Своих денег у него, конечно, не было, зато у Кейра их в последнее время стало как грязи. «А бабло – это вообще мусор, бро. Для нас-то. Только скажи…»

– Что с тобой произошло, а? – тётка выключила телевизор и обессиленно опустилась на скрипнувший деревянный стул напротив мальчика, сжимая голову руками.

– Ничего особенного. Считай, что просто повзрослел немного раньше положенного, – отмахнулся он, вставая.

У Аспида не было ни сил, ни желания продолжать этот бессмысленный разговор. «Смертные нужны тули-па ровно настолько, насколько они приносят тули-па пользу», – так, вроде бы, любит говорить Вильф.
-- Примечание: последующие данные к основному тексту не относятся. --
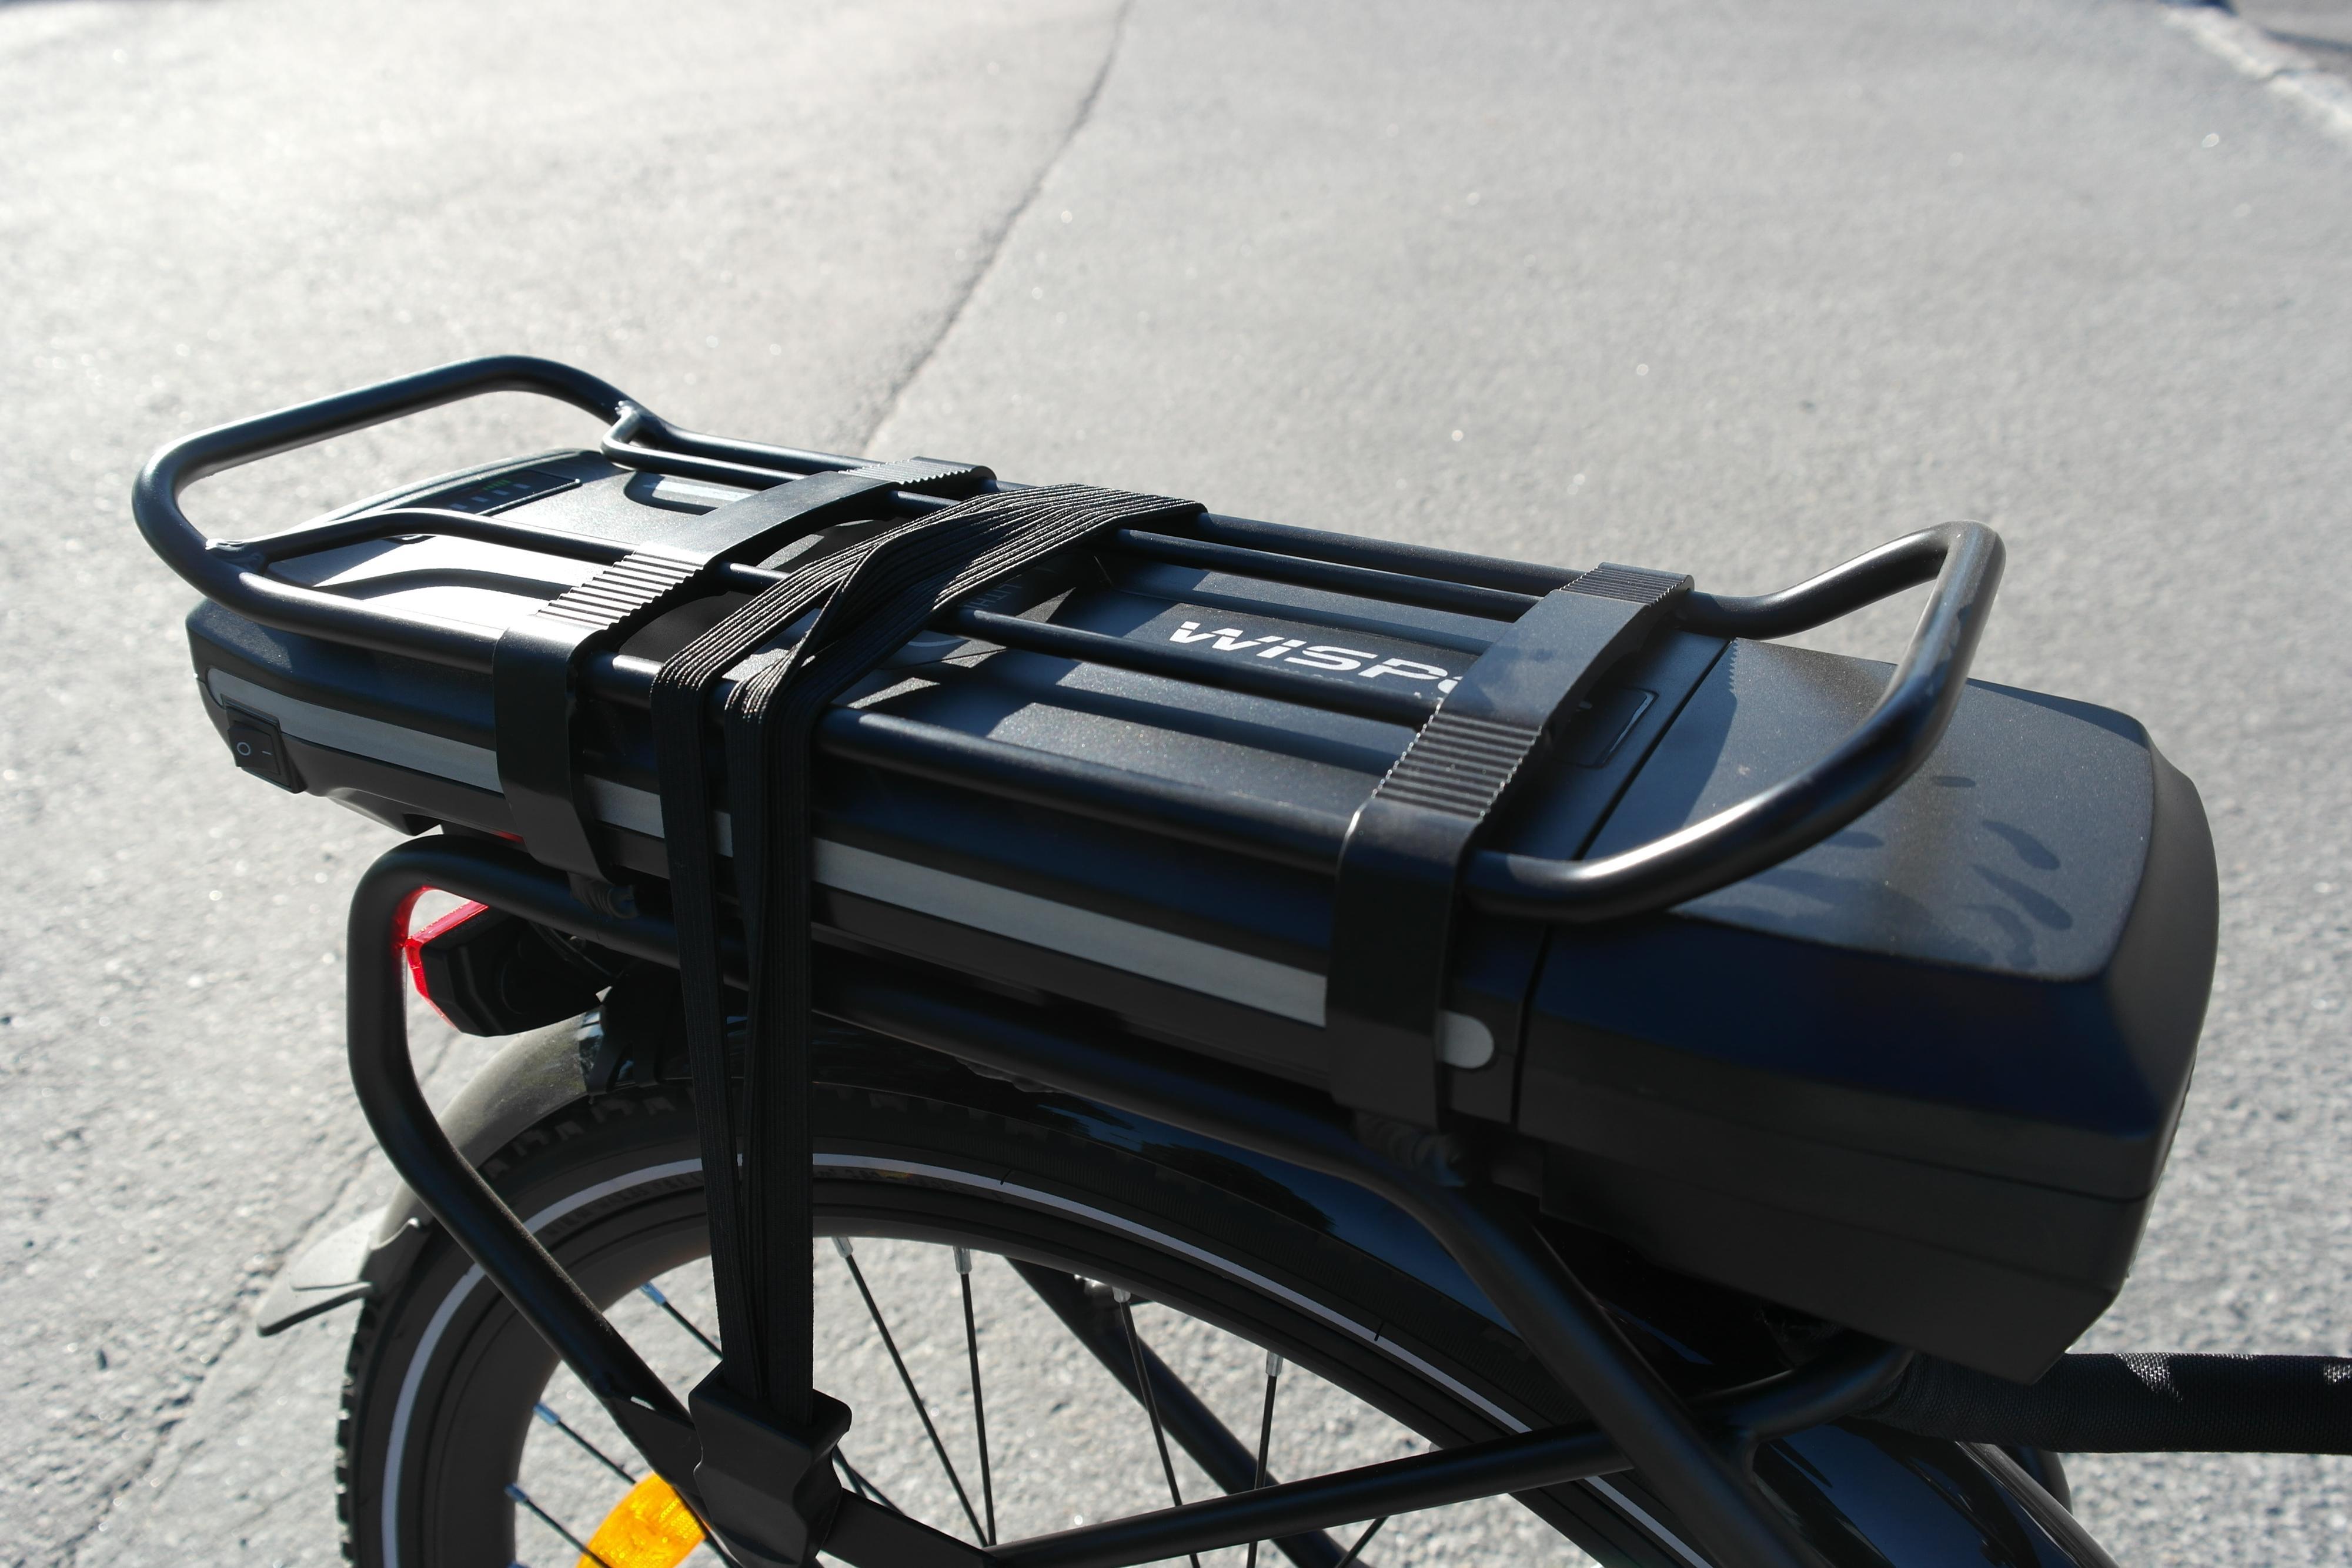 Wisper 905se kom med batteriet plassert ved bagasjebrettet. Det kan gi en litt baktung sykkel, men opplevdes ikke spesielt sjenerende i vår test.

Ну и… Значит, самое время было уже сваливать и не длить больше эту дурацкую мутотень.

Но не прыгать же при ней…

Мальчику больше не было противно находиться в этом доме, как это бывало когда-то, но всё здесь… этот запах вчерашнего супа из жёлтой алюминиевой кастрюли в розовый цветочек, стоящей на закопчённой плите, и эта уставленная посудой деревянная доска на стиральной машинке в углу, и эта паутина на запылённом окне под потолком, выходящем в ванную, – с некоторых пор всё это стало казаться мальчику каким-то неопределённо-тягостным.

Жизнь смертных такая короткая, и все так по-разному её проживают, ну вот почему, спрашивается?

Кейр бы его понял, точно. Он как-то признался, что чувствует себя похоже, когда видится с матерью. «Ты появляешься там, как такой, типа, пирожок с дерьмом, бро… ну ты понял меня, ага? Это ведь всё тебе просто вот так вот дали, и ты теперь такая раскрутая задница, так, да? А другим всё равно хреново, и нифига ты тут не сделаешь, вот хоть убейся…»

– Тимочка… – глухо проговорила женщина, закрывая руками лицо.

В её голосе внезапно послышалась такая неподдельная горечь, что Аспид поневоле почувствовал себя не в своей тарелке.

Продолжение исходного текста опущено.